Motors consume 65 percent of the electricity used by industry in the U.S. That equals more than 20 percent of all the electricity generated in the U.S. every year, and a similar level of carbon dioxide emissions. Making a dent in this level of energy consumption requires looking beyond high-efficiency motors and into approaches that involve the entire power train.
With energy costs impacting every business, and growing concerns about how burning fossil fuels is affecting the world's climate, companies of all sizes are exploring ways to make their operations more energy efficient. The use of high-efficiency motors would appear to be a logical solution. But motor efficiency does not always equal energy savings.
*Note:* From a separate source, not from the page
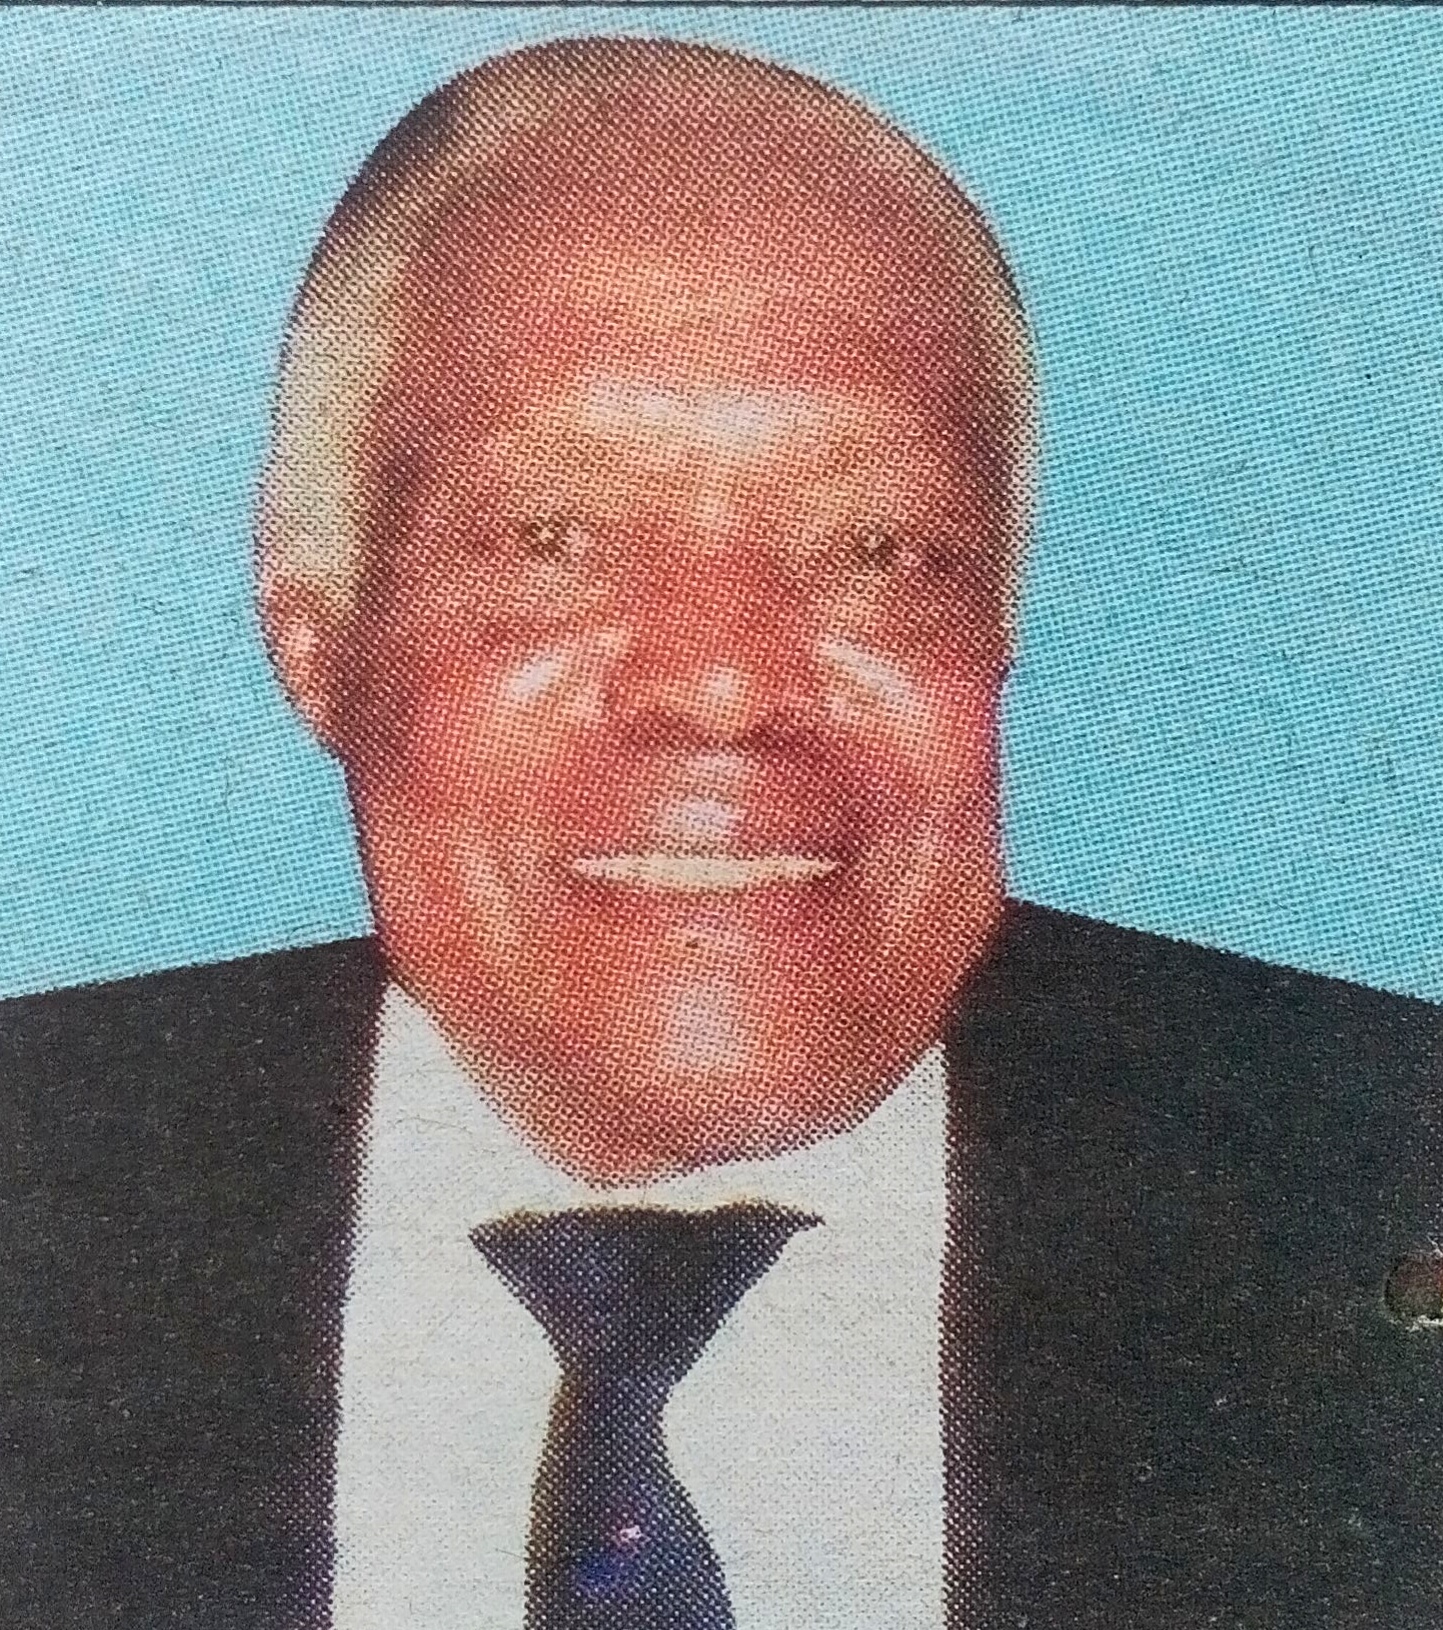 Obituary Image of Eliud Ndung'u Wainaina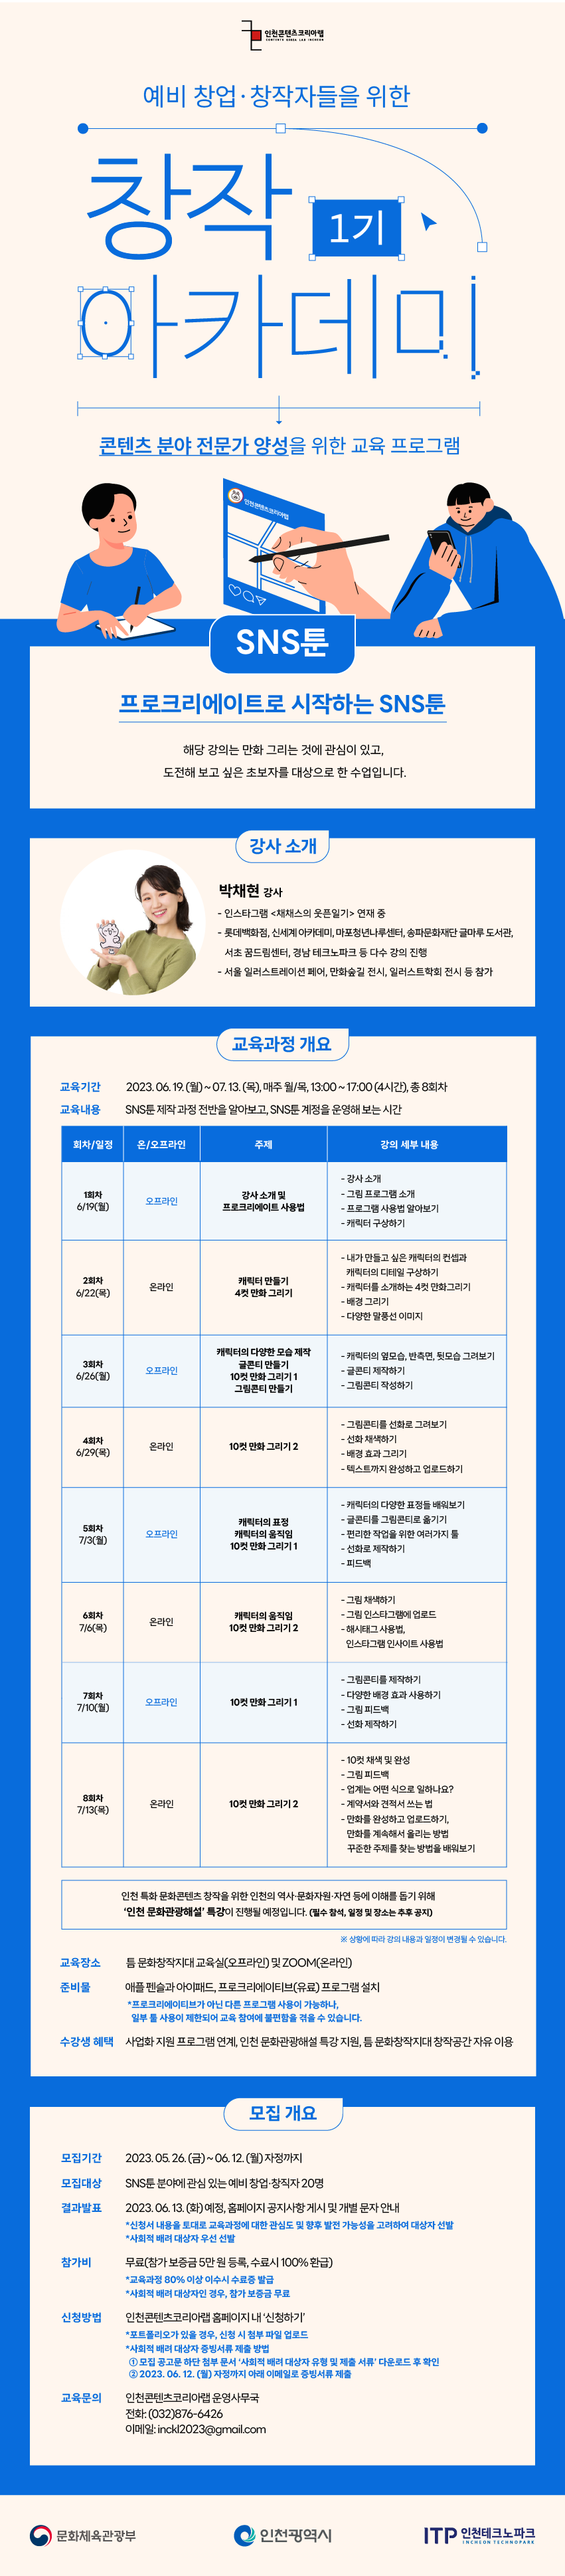 [무료 교육] 창작 아카데미 1기 - SNS툰(기초과정) 수강생 모집

The true potential for saving energy involves a much bigger story, one that requires taking into account the entire power train. That's because an energy efficient motor can reduce energy use by only 10 percent, even under optimum operating conditions. Far more important in saving significant amounts of energy are the use of electronic speed controls, which can reduce energy use by 30 percent, and optimizing mechanical systems, which can reduce energy use 60 percent.
Understanding Energy Loss
Energy is defined as the work stored in a system or a system's ability to do work. If any of the electrical energy that flows through a system is not actually applied in doing work, then it is wasted. In other words: the more efficient a system is, the less energy is lost.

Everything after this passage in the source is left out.